Os microorganismos estão presentes em diversos ambientes, neste relatório,

investigaremos crescimento microbiano, que trata de crescimento de número de
células de microorganismos, formando colônias, não de tamanho de células.
(TORTORA, 2017). Ainda segundo Tortora (2017), para que este crescimento
aconteça são necessários que se apliquem algumas condições, que irão variar de
acordo com o tipo de cultura a ser desenvolvida, alguns dos fatores são:
temperatura, atividade de água, umidade, pH, nutrição oferecida (oxigênio - O2,
Nitrogênio - N2, fósforo - P, Enxofre - S), nas condições ideais a multiplicação de
microorganismos pode ser muito rápida e o entendimento destas condições pode
propiciar o maior controle desse crescimento, das doenças que possam surgir por
presença de determinados microorganismos e deterioração de alimentos.

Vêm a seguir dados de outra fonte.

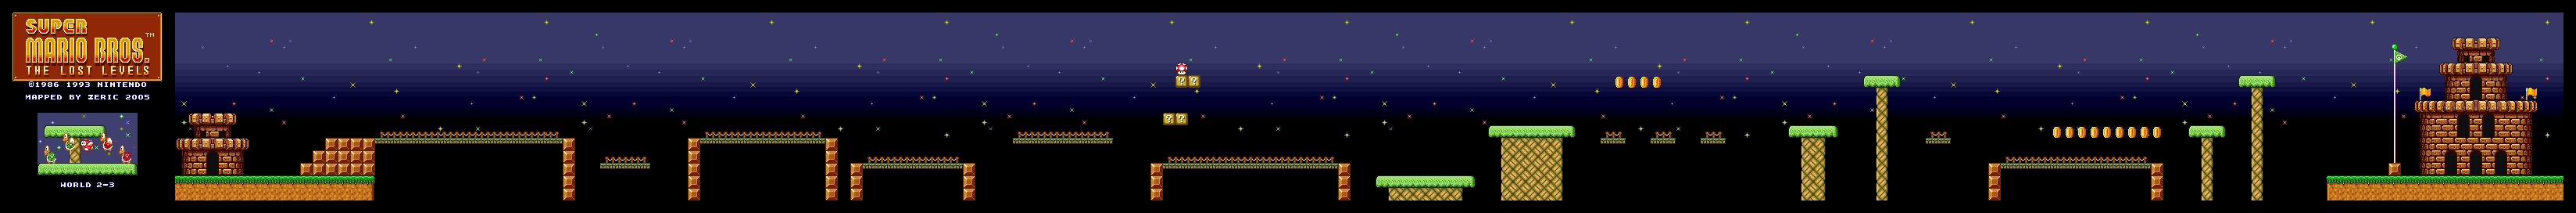 Map of World 2-3 (Super Mario All-Stars version)

No ambiente das indústrias de produtos alimentares, práticas de higiene são
adotadas a fim de evitar contaminações e consequentes aparecimentos de doenças
transmitidas por alimentos as DTA’s (FORSYTHE, 2002). As DTA’s de origem
microbianas podem ser causadas por diversos microorganismos, porém os mais
relatados são Salmonella e a Escherichia coli. Dos surtos reportados no Brasil,
36,5% dos casos de contaminação foram relatadas como advindas de ambientes
residenciais que é o ambiente onde os experimentos descritos aqui serão realizados
(BRASIL, 2019).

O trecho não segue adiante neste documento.